Court to hear legal challenge to new WA Parents Bill of Rights next week



(The Center Square) – A King County Superior Court judge will next week hear arguments in a lawsuit over the new parent’s bill of rights, adopted by lawmakers from citizen initiative I-2081.

The new law gives parents, among other things, access to instructional materials and notification when a student is seeking counseling or medical care for issues related to sex or gender confusion.

But, the ACLU and other groups argue the law is in violation of the state and federal Constitution, upholding youth privacy rights and inclusion protections.

The complaint filed in late May says in part: “Certain provisions of Initiative 2081 erode current privacy protections for young people, may interfere with or discourage trusted conversations school-based healthcare providers and educators have with students, prevent students from seeking assistance, and greatly frustrate a school’s ability to cover a wide range of topics in curriculum.”

This week, Silent Majority Foundation (SMF) filed a Motion to Intervene in the lawsuit. The Washington Attorney General’s office will defend the new law, but Pete Serrano, General Counsel for Silent Majority Foundation, says they want to ensure the measure is vehemently defended.

“The purpose of the intervention is to ensure that I-2081 is adequately defended, thus upholding the voice of the people of Washington state,” said Serrano. “While the Attorney General’s Office is presently defending the action, SMF will stand with Let’s Go Washington and other individuals and organizations who spent significant resources on the passage of the Parents bill of rights.”

Serrano, who is running for Washington Attorney General, tells The Center Square, “We want to make sure all the salient arguments are advanced on behalf of the parents of the state of Washington and their children.”

Asked if he believes the arguments made by the ACLU and the others bringing the litigation have a valid legal argument, Serrano said, “They argue the legislation violated the constitution because it’s not clear on its face, but I don’t believe that to be the case.”

“An initiative by the people, for the people, of the people passed and it was adopted last session,” said Serrano. “We are going to seek to defend all the laws implemented by the initiative.”

Chris Reykdal with the Office of Superintendent of Public Instruction last week encouraged Washington’s 295 school districts to ignore the new law.

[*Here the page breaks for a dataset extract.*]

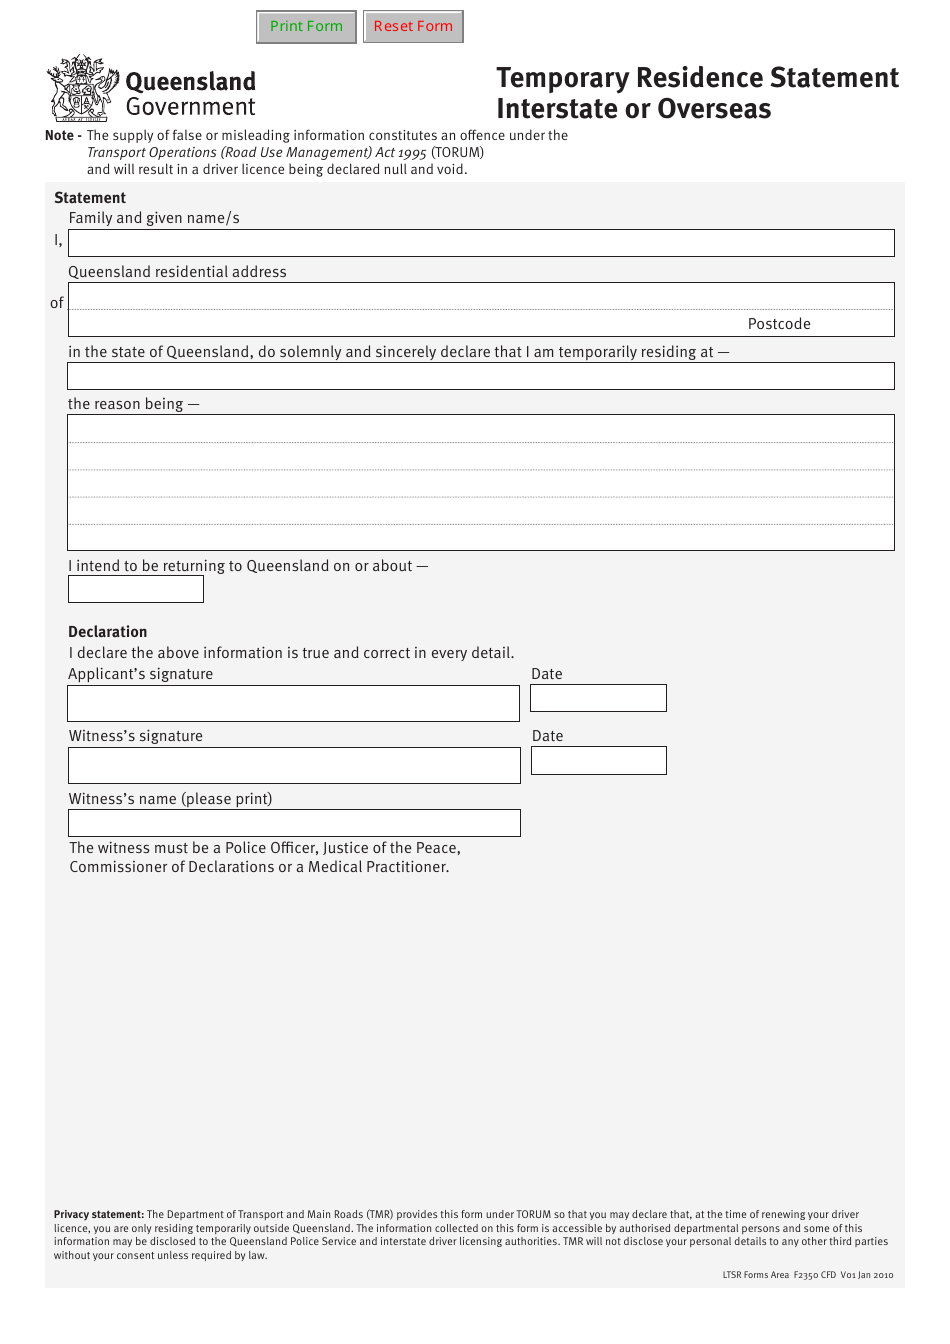 Form F2350 Temporary Residence Statement Interstate or Overseas - Queensland, Australia, Page 1
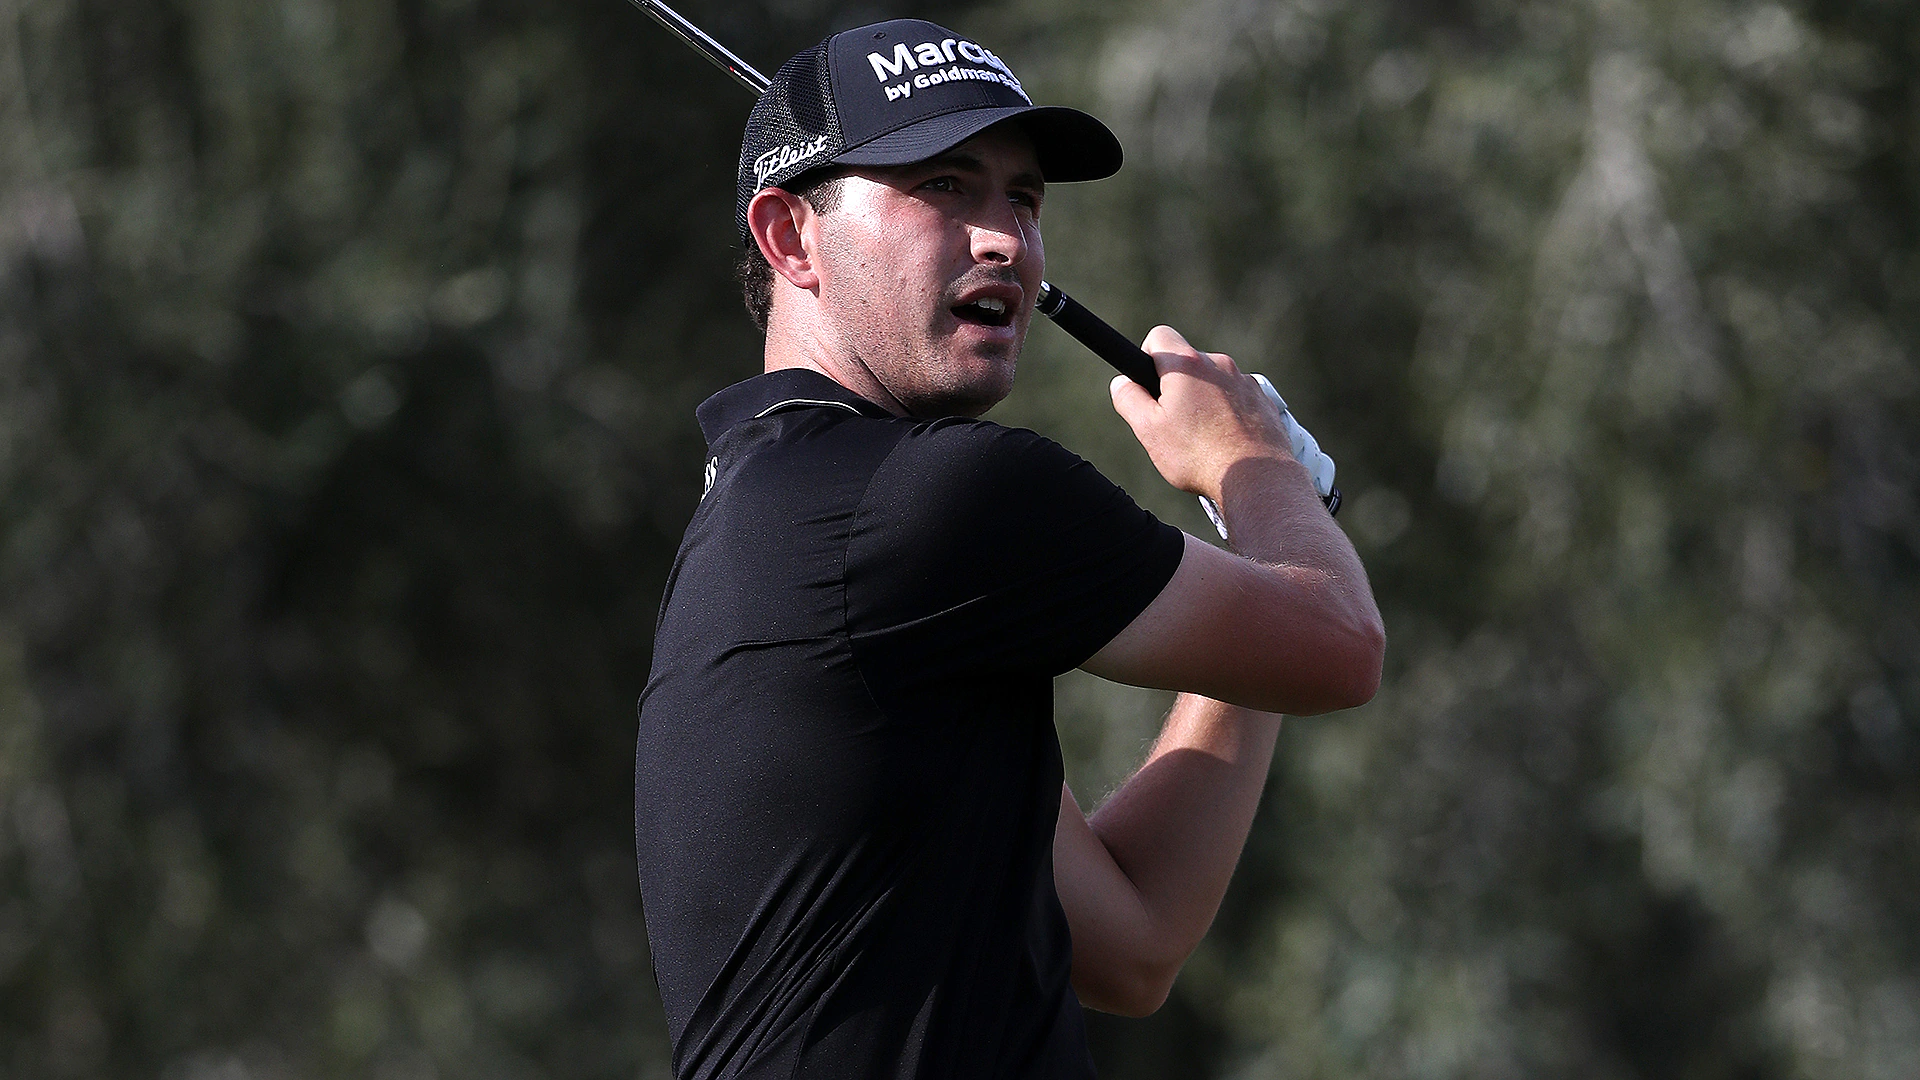 Former champ Patrick Cantlay (63) continues success at TPC Summerlin

A news release from OSPI said in part: Some of these (student) records contain personal information and are protected under the Federal Education Rights and Privacy Act (FERPA) and the Health Insurance Portability and Accountability Act (HIPAA), and as such, cannot be disclosed without the student’s consent.”

Serrano says he believes Reykdal’s personal opposition to 2081 is getting in the way.

“It seems like Reykdal is using the sword and shield of HIPAA and FERPA to hind behind that,” said Serrano. “It’s like during COVID 19 when he told school districts if they didn’t obey what he said, he would pull their funds. He’s taking that same stance here.”

While this plays out in the courts, school districts will soon have to make decisions on curriculum impacted by the new law, for the 2024-2025 school year.

“Even though he said you don’t have to comply, he’s not saying you can’t comply,” said Serrano. “Those districts can comply with the new law, and should.”

The motion to intervene will be heard on June 21 in King County Superior Court.